Audit culture, strategic planning, restructuring, and performance management: These are the managerial building blocks discussed in relation to the International Criminal Court (ICC) in The Justice Factory. It is quite the contrast to the usual topics of arrest warrants, fighting impunity, individual criminal accountability, and global justice. Against a premonition that reports, audits, and flowcharts might make for a rather pedestrian read, The Justice Factory is a fascinating account and beautifully written. By adopting a managerial lens, Richard Clements not only opens the black box on one of the world’s most talked about courts but also also reveals that this black box is in fact a prototype. In other words, The Justice Factory’s novel contribution is to demystify the inner (managerial) workings of the ICC as an international organization dedicated to fighting impunity; it also, at times almost inadvertently, makes the reader keenly aware that from genocide to pandemics to climate catastrophe, human and planetary crises are framed as management problems to be solved through managerial tools.

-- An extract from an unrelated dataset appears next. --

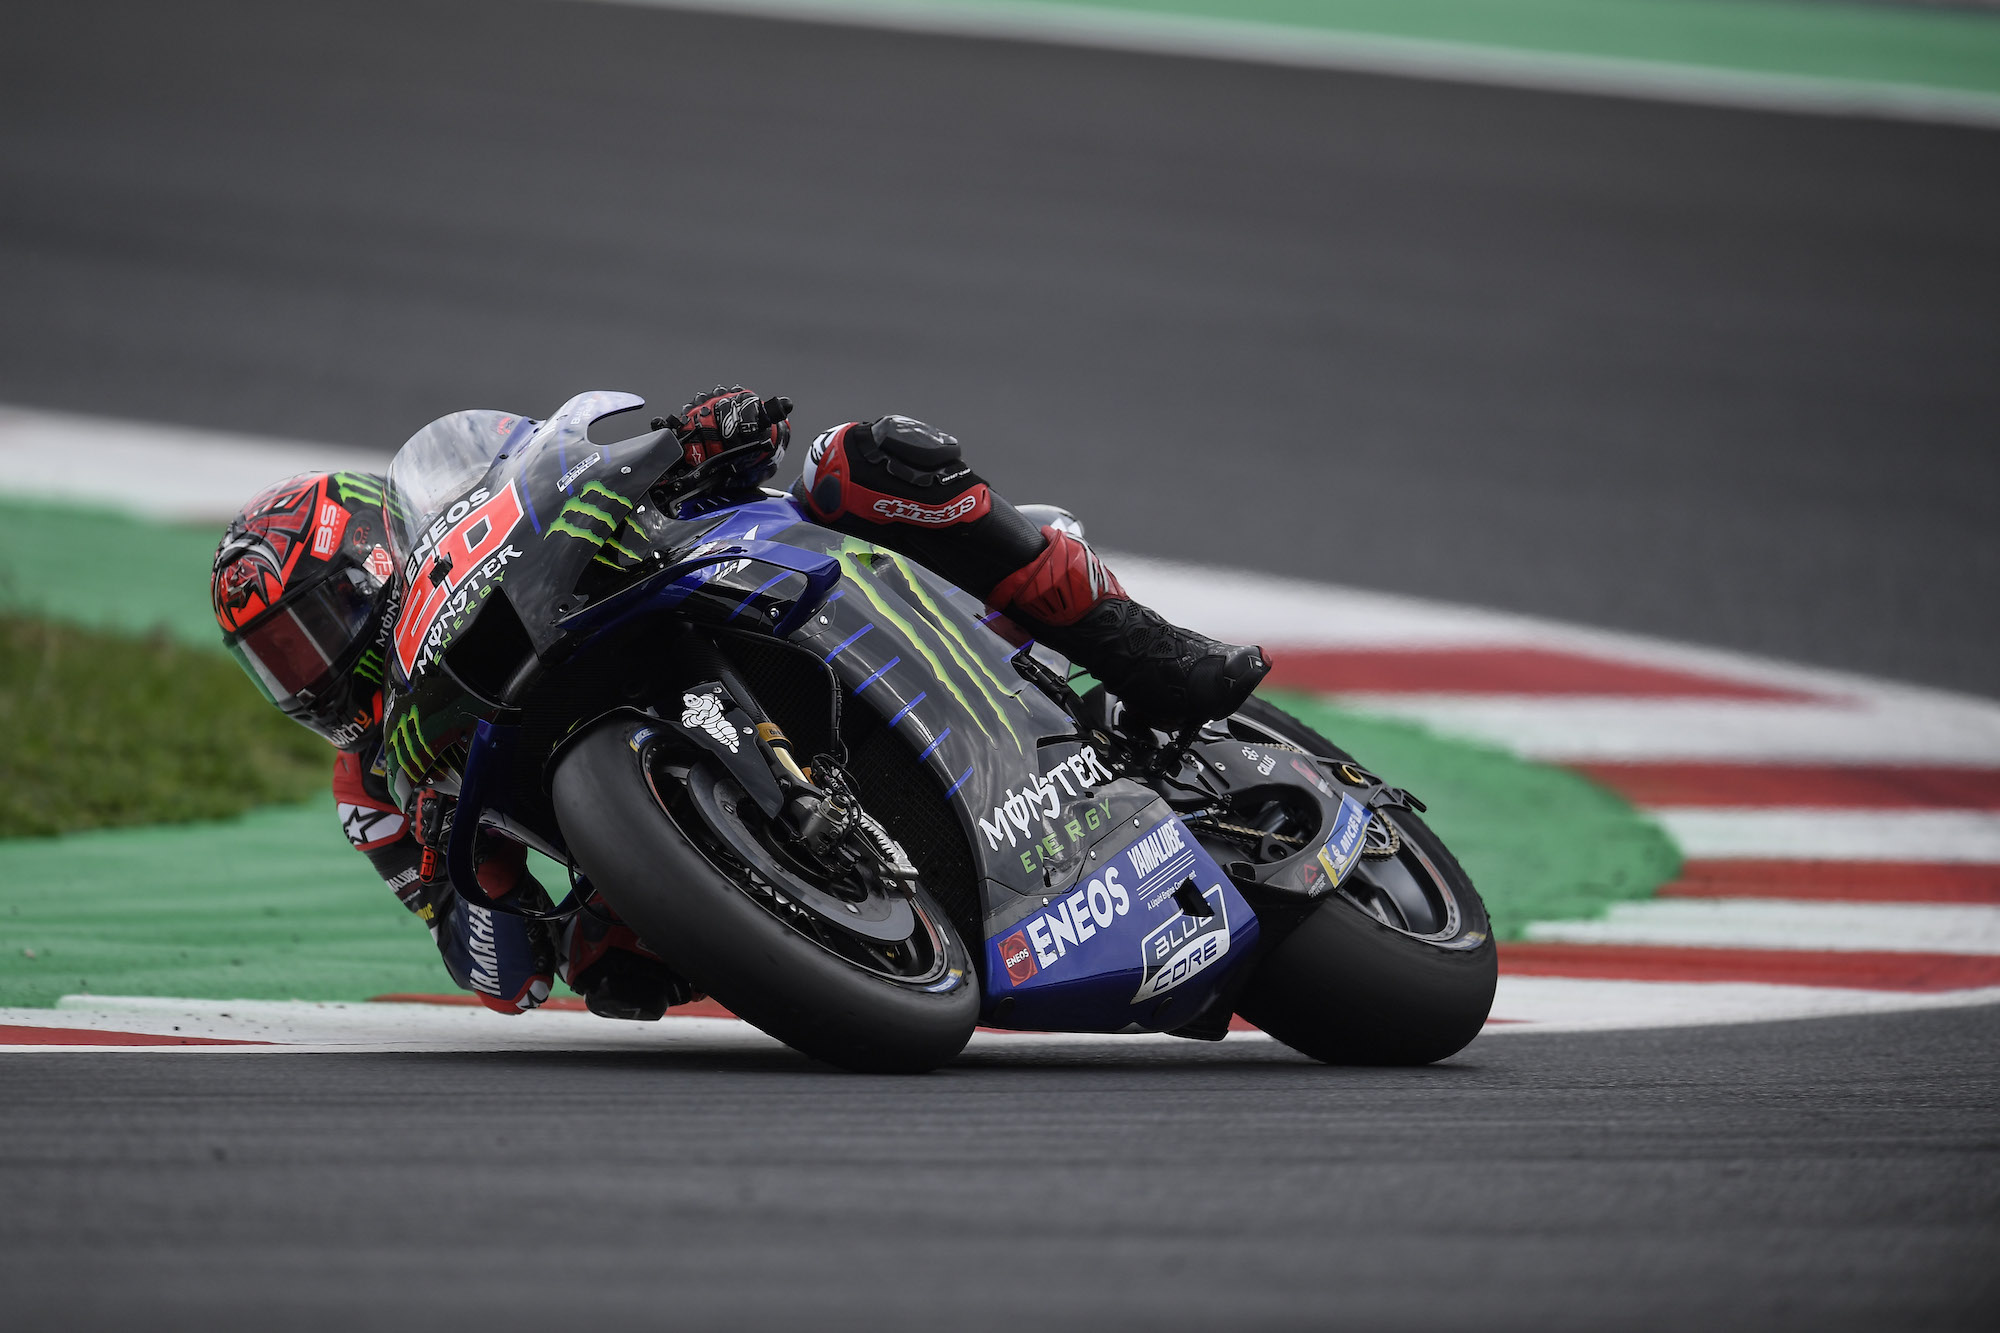 Fabio Quartararo podczas GP San Marino 2021 w Misano
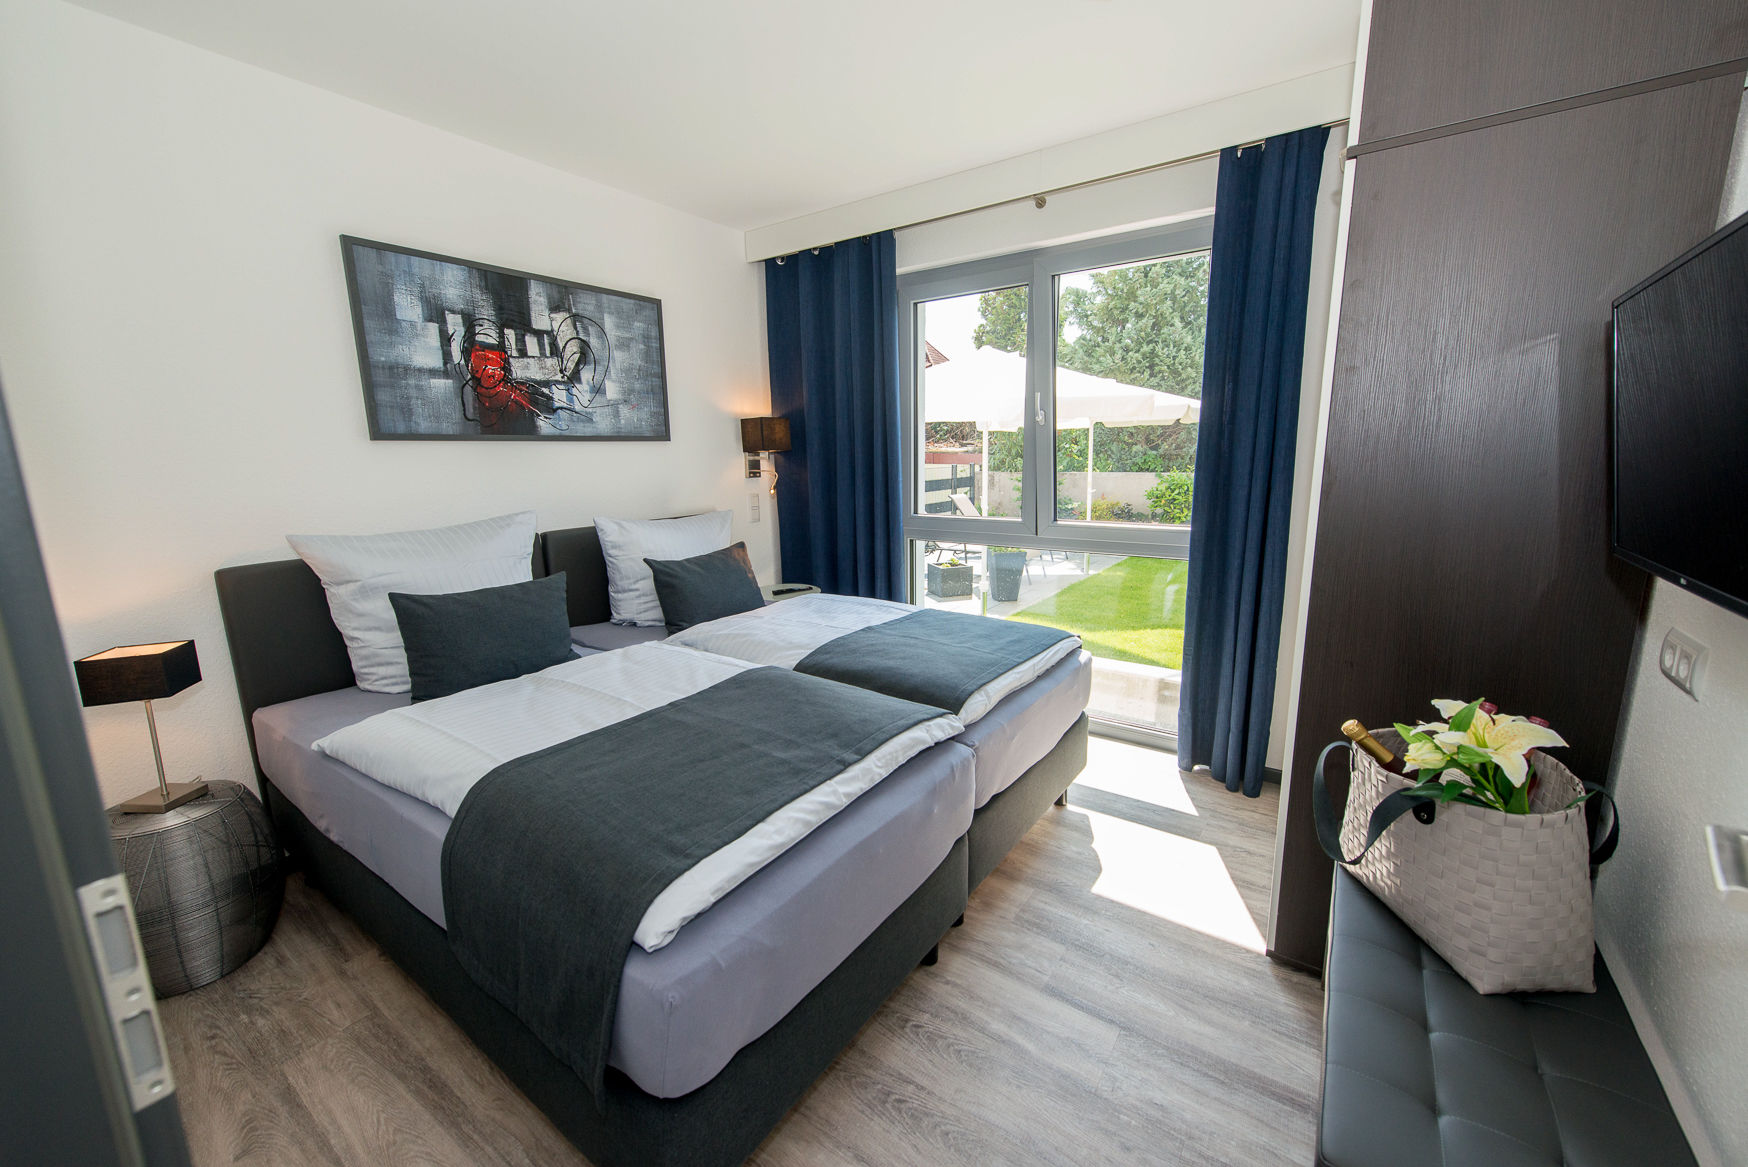 apartmenthaus horster gro e komfort ferienwohnungen in bensheim hessen ulrike horster. Black Bedroom Furniture Sets. Home Design Ideas

The aim of the book, as set out by Clements, is to “confront and think through” a “suspicion about management’s role” at the ICC (4). This suspicion was in part formed during an internship that Clements undertook at the ICC, where he observed legal advisers and officers moving nonchalantly “from a judges’ conference meeting about the latest interlocutory appeal to a performance review meeting with their supervisor” (2). Anyone who has ever worked in an organization will not find this extraordinary, but Clements follows a productive suspicion.

There is something “off” about an organization dealing with international criminal justice uncritically adopting similar managerial mechanisms as some of the greatest criminal operations of European history. Clements refers to a visit of the concentration camp of Auschwitz-Birkenau, where he was moved to consider the parallels between managerialism at the ICC and the “horrifyingly efficient system of people management” of the murderous Nazi regime (3). This creates a strong association with debates around the banality of evil. Hannah Arendt famously painted a picture of the Nazi Adolf Eichmann as a “banal” bureaucratic criminal (Arendt 1963/Reference Arendt2006). Eichmann’s role in the final solution had been operational in his mind, prompting him to plead not guilty at his trial in Jerusalem in 1961, where he was charged for committing various crimes against Jewish people and crimes against humanity. Eichmann, according to Arendt’s portrait, discovered that his special qualities were that “he could organize and he could negotiate” (Arendt 1963/Reference Arendt2006: 45). The banality of managerialism is therefore the other side of the spectacle of atrocity, of the visceral images of victims, of the theatrical opening statements, and of hashtag-justice in the attention economy.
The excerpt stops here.